Manitos Spotlight
Community Archivist Jordan Wax
October’s Spotlight Feature
Jordan is a musician and cultural activist whose work centers on the unique role that music and language can play as a pathway into intergenerational identity and creativity. As a teenager he became interested in his family’s Ashkenazi Jewish and rural Missouri music traditions, and began his studies with master fiddlers in two distinct cultural regions in Missouri and with Yiddish language and klezmer music mentors. His interest in the relationship between traditional, pre-capitalist cultural autonomy and subsistence agriculture led him to live for several years in rural Ecuador, where he had the chance to learn Spanish, Kichwa, and traditional Andean music, and in the rural Ozarks.

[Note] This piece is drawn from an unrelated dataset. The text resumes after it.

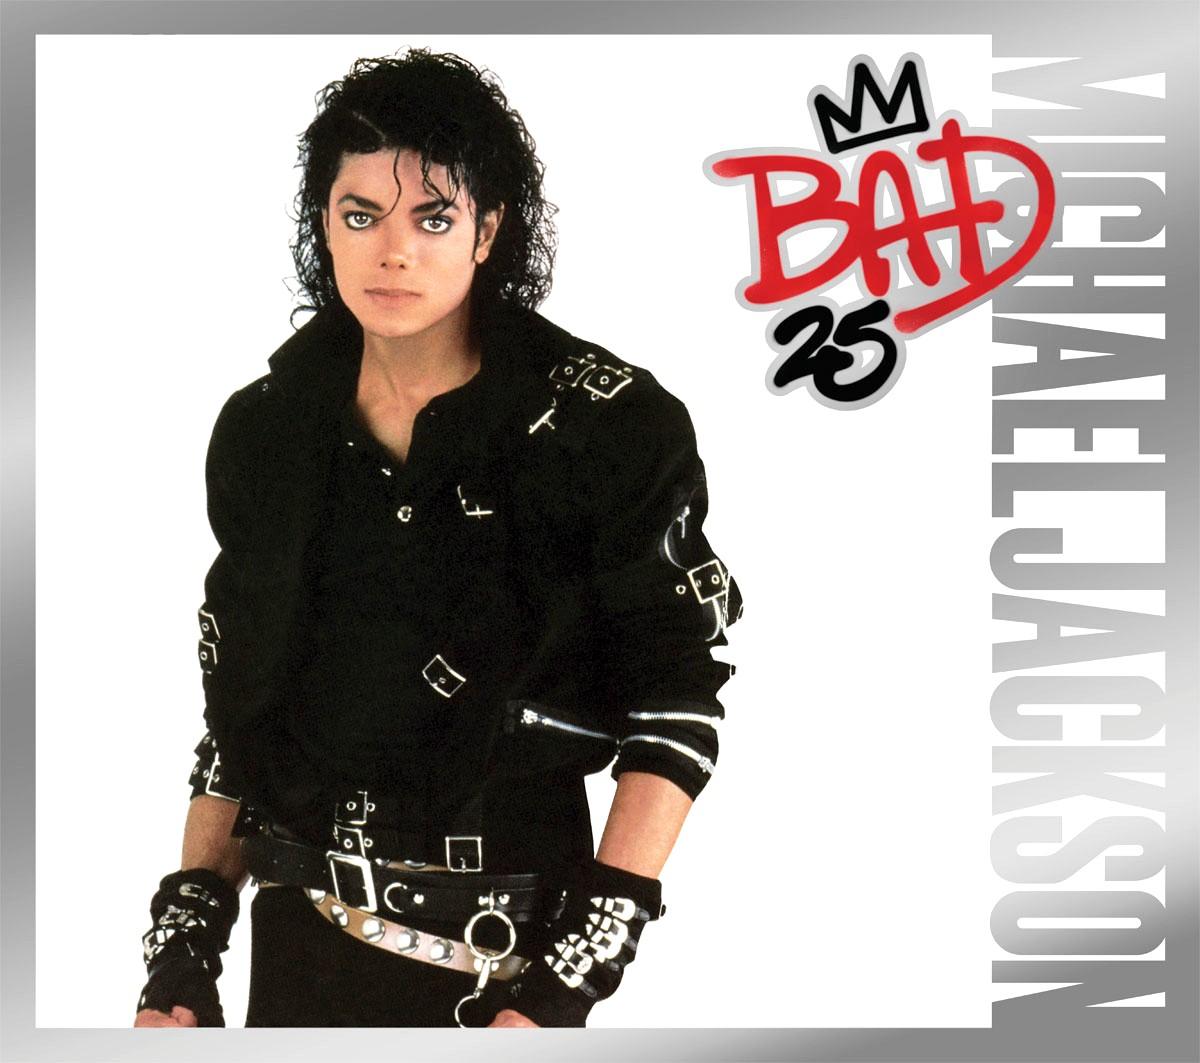 http://4.bp.blogspot.com/-8IScBfKZZmA/UFdFT-Pvz5I/AAAAAAAAAig/8VEuAc3uOoc/s1600/MichaelJackson.jpg

Jordan moved to New Mexico in 2012, and soon began to perform traditional music at farmers’ markets, parties, and brewpubs. Performing publicly brought chance encounters with elder musicians Tomas Maes, Ken Keppeler and Jeannie MacLerie, Antonia Apodaca, and Mariano Romero, who shared their love of regional New Mexico traditions. He is a founding member and administrative director of Lone Piñon, a performance ensemble that creates contemporary professional and artistic context around regional music and dance traditions, in particular those learned from elders.

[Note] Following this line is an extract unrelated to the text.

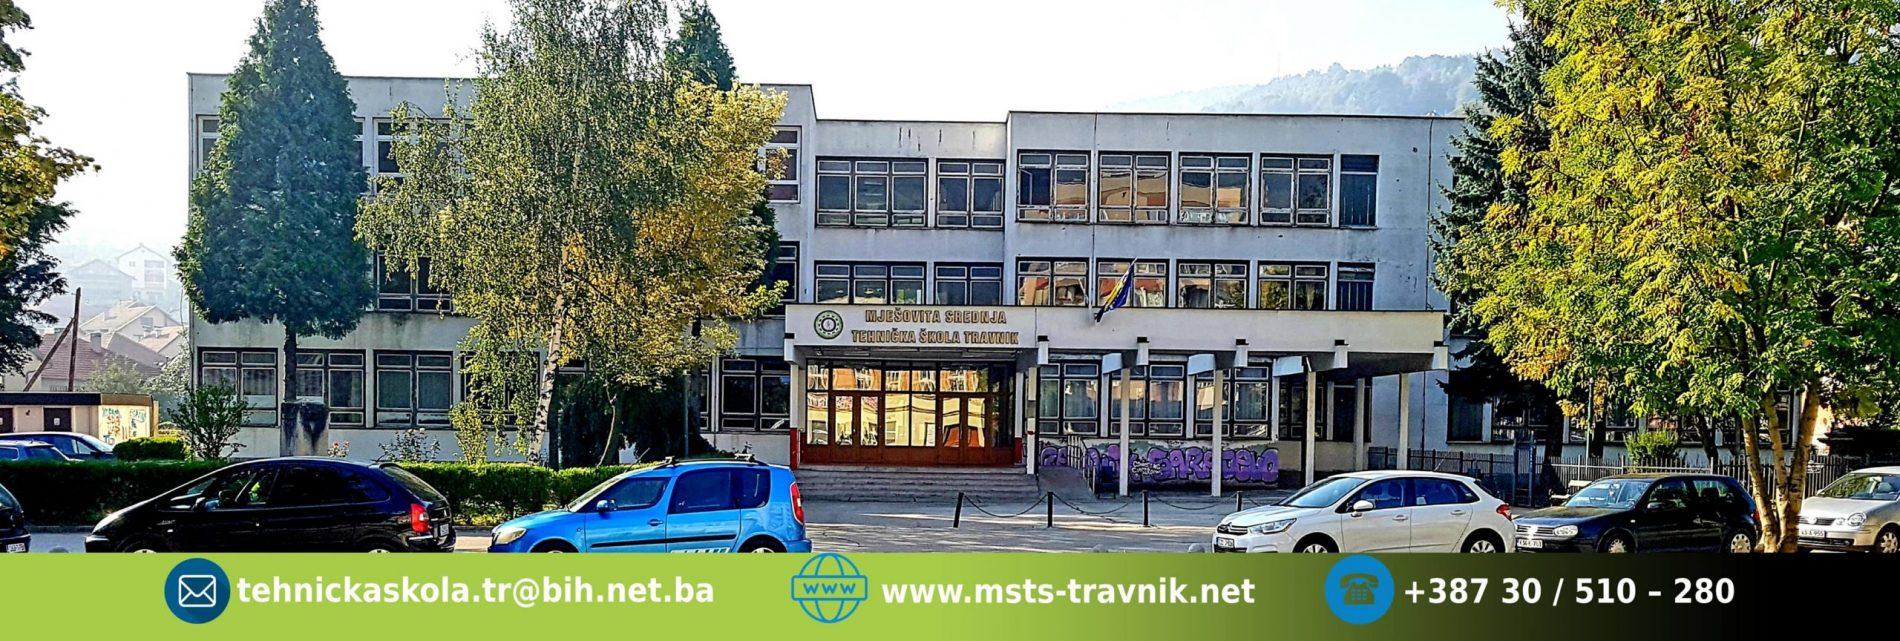 Srednja tehnička škola u Travniku kao primjer drugim školama

Just before the pandemic he completed a FolkArts apprenticeship with master klezmer clarinetist Margot Leverett, who was living in Albuquerque at the time, and performed Yiddish songs with her as part of Duke City Hora. He currently creates bilingual children’s programming that encourages early awareness and confidence in complex identities and cultural environments, both in Spanish/English and Yiddish/English contexts, as part of the Santa Fe Public Library’s “Books and Babies” program and at local preschools. Jordan also leads “Yiddish For Fun,” a weekly gathering of heritage Yiddish speakers and new learners in Santa Fe, organizing games and activities that seek to create a participatory Yiddish-language environment where Yiddish speakers and students can feel at home regardless of their level of language mastery. Jordan also performs as second violinist with Santa Fe’s Mariachi “Sonidos del Monte.”
Jordan is honored for the chance to contribute to the Manitos Community Memory Project, and to be able to find a stable and fitting home for the recordings and documents with which he’s been trusted, where they can most serve the community to which they belong. As a traditional artist, he’s particularly interested in the way that culture can flow around historical and generational disruptions, sometimes reconnecting in ways that have even more creativity and resilience than before. Through his work with Yiddish culture he’s seen the role that archives–especially when held by the community that’s represented in them–can facilitate this process, filling in the informational gaps in the lines of cultural continuity that we naturally inherit, and providing cultural tools for future generations to use in ways that we can’t yet even imagine. He’s excited to contribute to the MCMP by digitizing cassettes, LPs, compact discs, music-related documents and photos, and creating oral histories around Northern New Mexico’s unique intergenerational music traditions.
One thought on “Manitos Spotlight”
Allyja, Great job! I enjoyed your article featuring the amazing Jordan Wax! Jordan is incredibly gifted. I am so happy that you wrote this piece about him as he is such a treasure. His work and his achievements need to be shared. Thank you Allyja!